Importing Data in R
Process of loading and reading data into R from various resources.
5 types of data to import:
Flat files - Flat files are text-based files where data is organized in rows and columns.
Data from Excel
Databases
Web
Statistical software
read.csv()
specifically designed for reading comma-separated values (CSV) files, where columns are separated by commas by default.
data <- read.csv("data.csv", stringAsFactor = TRUE)
stringAsFactor TRUE is the default. Meaning character vector is converted to a factor.
read.csv2()
:
reads European-style CSV files where a semicolon is the file separator and a comma is the decimal point.
read_csv()
:
This is a part of readr package. Similar to read.csv()
but can also handle other formats not only commas-separated functions. The result is usually a tibble.
assumes numeric values are separated by a comma.
Example table
Name,Age,Salary
Alice,28,55,000
Bob,32,60,000
Charlie,22,48,000
David,35,72,000
if we use read_csv() the output will be:
# A tibble: 4 x 3
Name Age Salary
<chr> <dbl> <dbl>
1 Alice 28 55
2 Bob 32 60
3 Charlie 22 48
4 David 35 72
read_csv2()
:
Provided in the readr
package. Assumes that the decimal point in numeric values is represented by a comma. For example, 3,14 will be 3.14
The above example seemed erroneous but if we use read_csv2
the amount will be noted to be correct
# A tibble: 4 x 3
Name Age Salary
<chr> <int> <dbl>
1 Alice 28 55000
2 Bob 32 60000
3 Charlie 22 48000
4 David 35 72000
read.delim()
function defaults to the tab character as the separator between values and the period as the decimal character.
reads .txt
or .tab
read.delim(file, header = FALSE, sep = "\t", quote = "\"", ...)

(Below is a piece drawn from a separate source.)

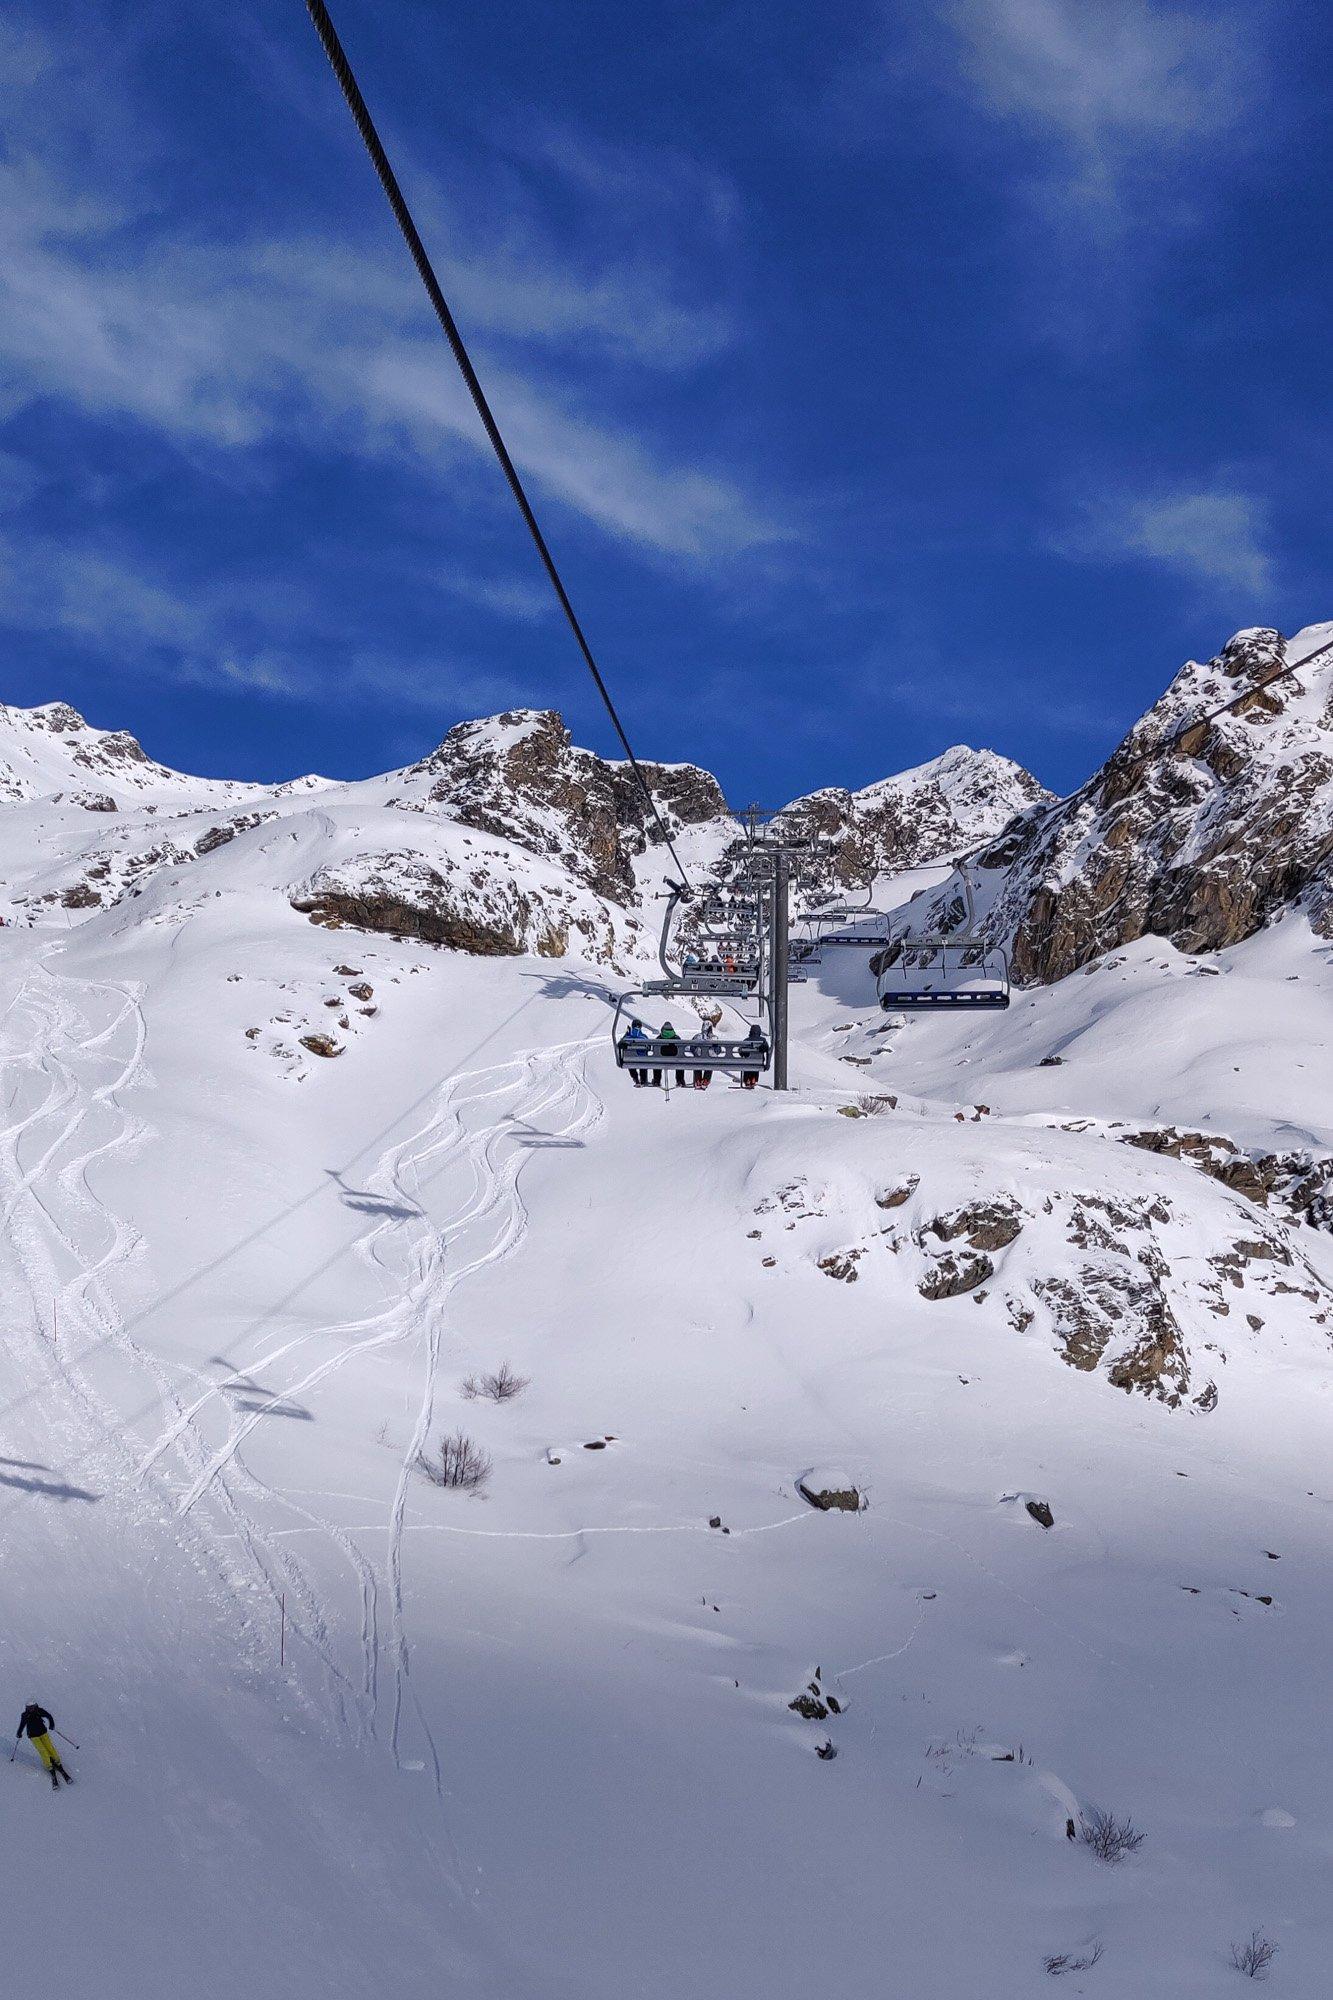 Skiing in Orelle, 3 Vallees

can also be used simply as
# Read the tab-delimited file into a data frame
data <- read.delim("data.txt", header = TRUE)
# View the contents of the data frame
print(data)
read.table()
Is a more general function that can read data from a variety of tabular formats, including plain text files with custom delimiters and fixed-width files. You need to specify the delimiter and other parameters explicitly.
mydata <- read.table("c:/mydata.csv", header=TRUE,
sep=",", row.names="id")
read_tsv()
Found in the readr
package
This function is used to read tab-delimited text files into a data frame.
read_delim()
is a more general function that reads any file with a deliminator.
read_tsv(file, col_names = TRUE, col_types = NULL, skip = 0, n_max = Inf)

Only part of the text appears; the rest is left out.